[Exercise prompt] Leaving out every picture, please repeat exactly the line that contains "Versace Buckle Bags for Men | Mercari" and each line after it through the final line below.

[Data block]

- - - - - - -

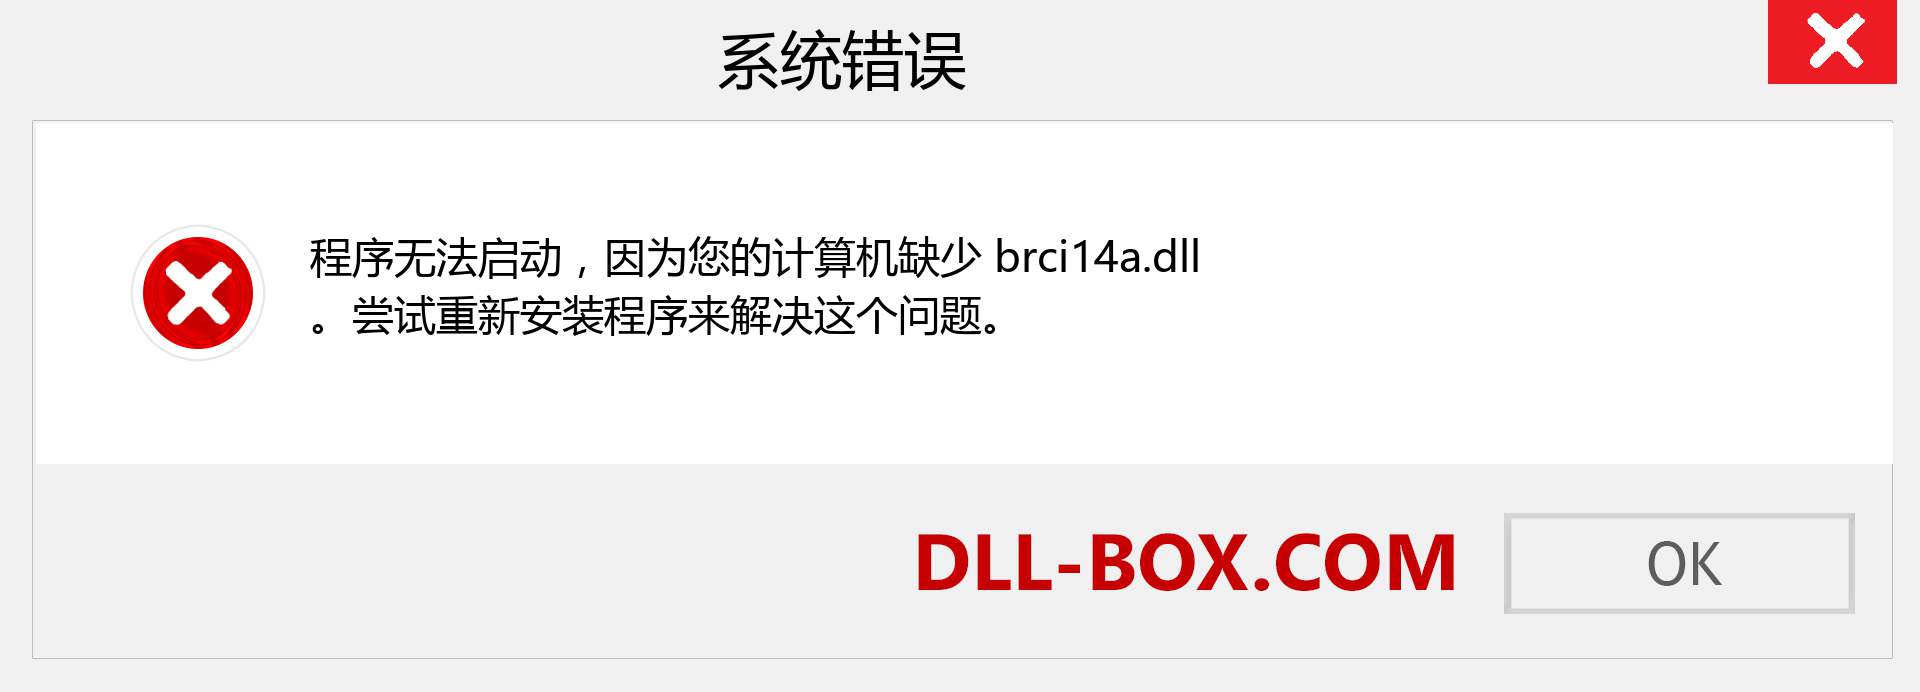 brci14a.dll 文件丢失？。 适用于 Windows 7、8、10 的下载 - 修复 Windows、照片、图像上的 brci14a dll 丢失错误
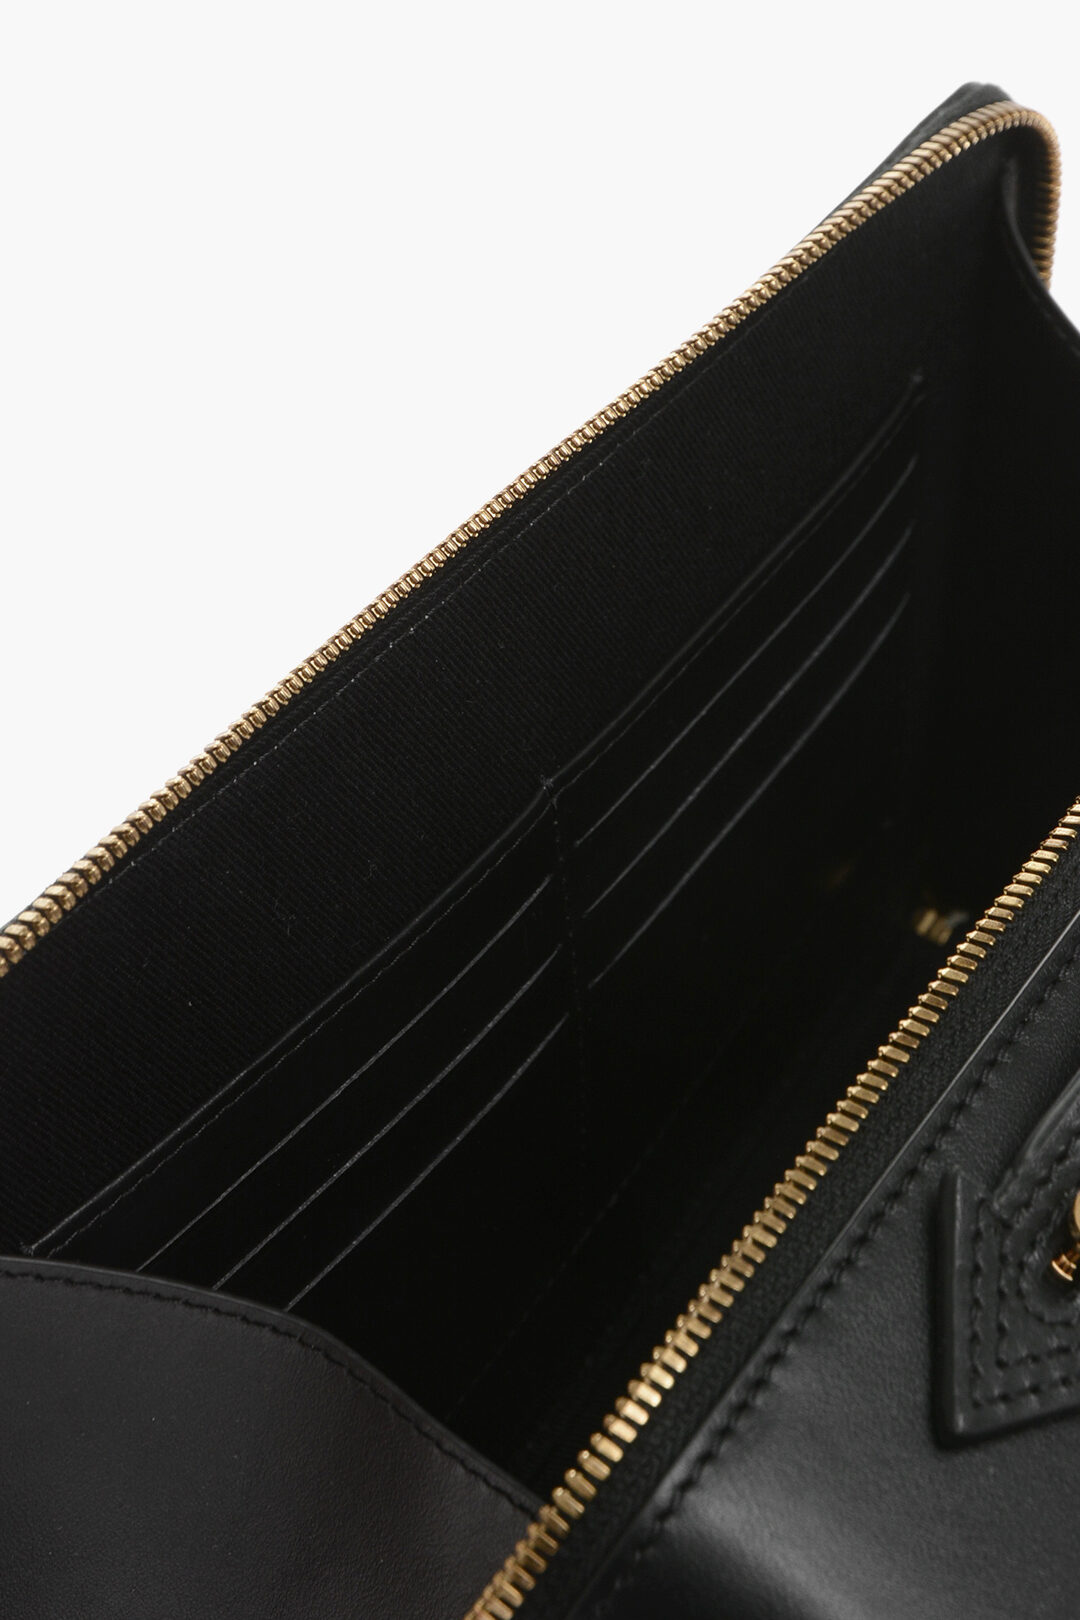 Versace Buckle Bags for Men | Mercari
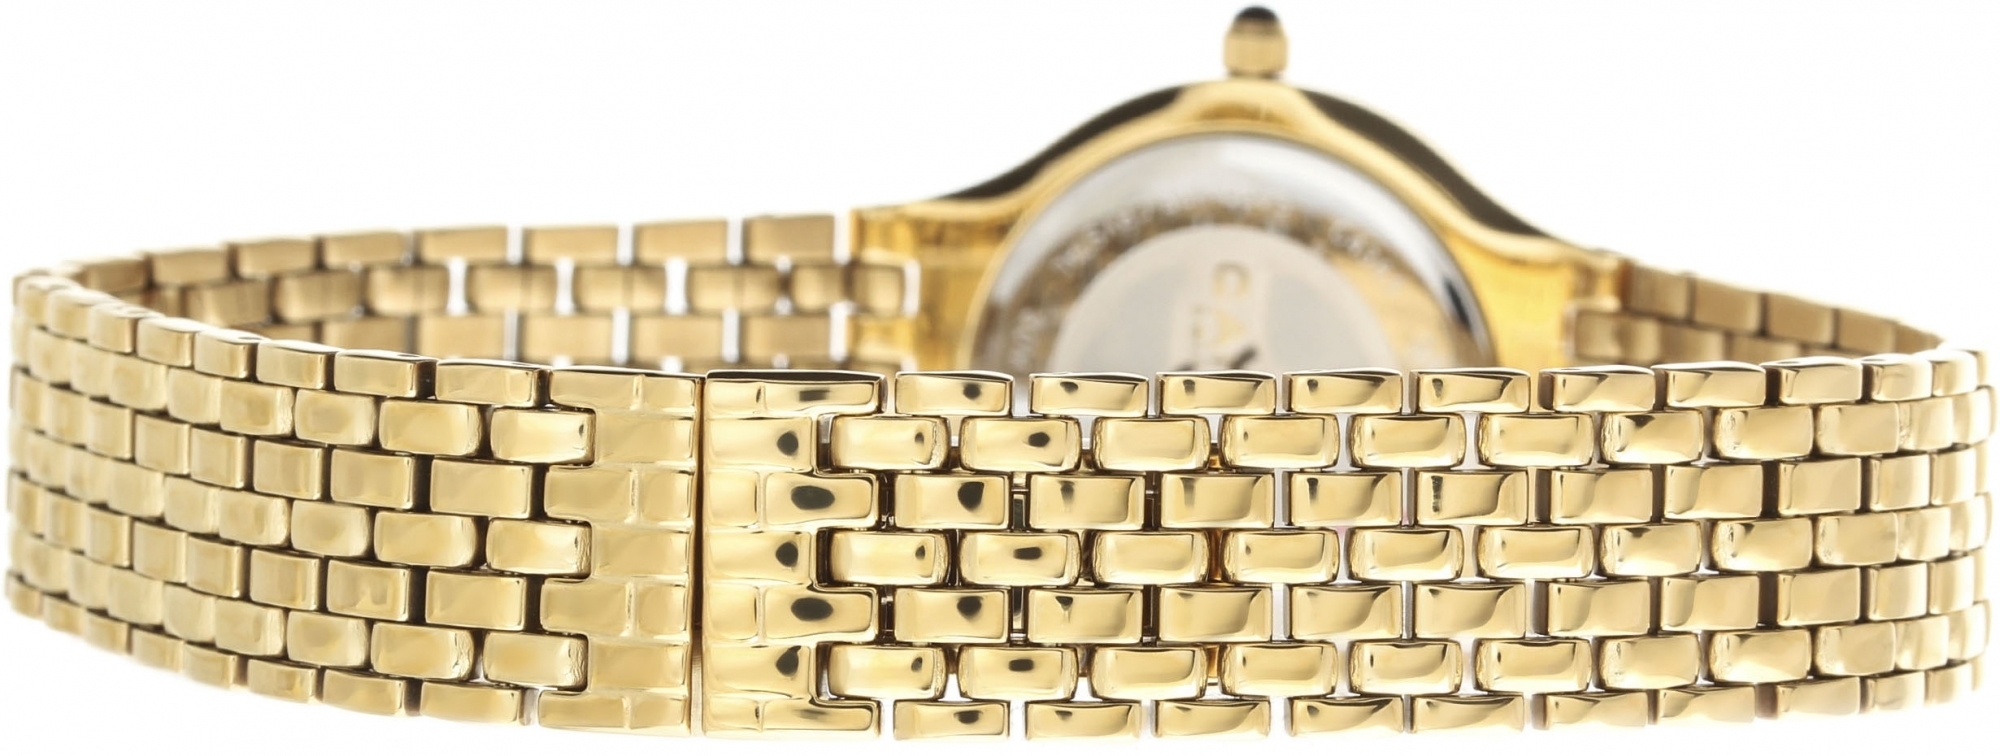 Швейцарские наручные часы Candino: элегантность и точность в каждой детали

- - - - - - -

[Task answer]
 Versace Buckle Bags for Men | Mercari
 Швейцарские наручные часы Candino: элегантность и точность в каждой детали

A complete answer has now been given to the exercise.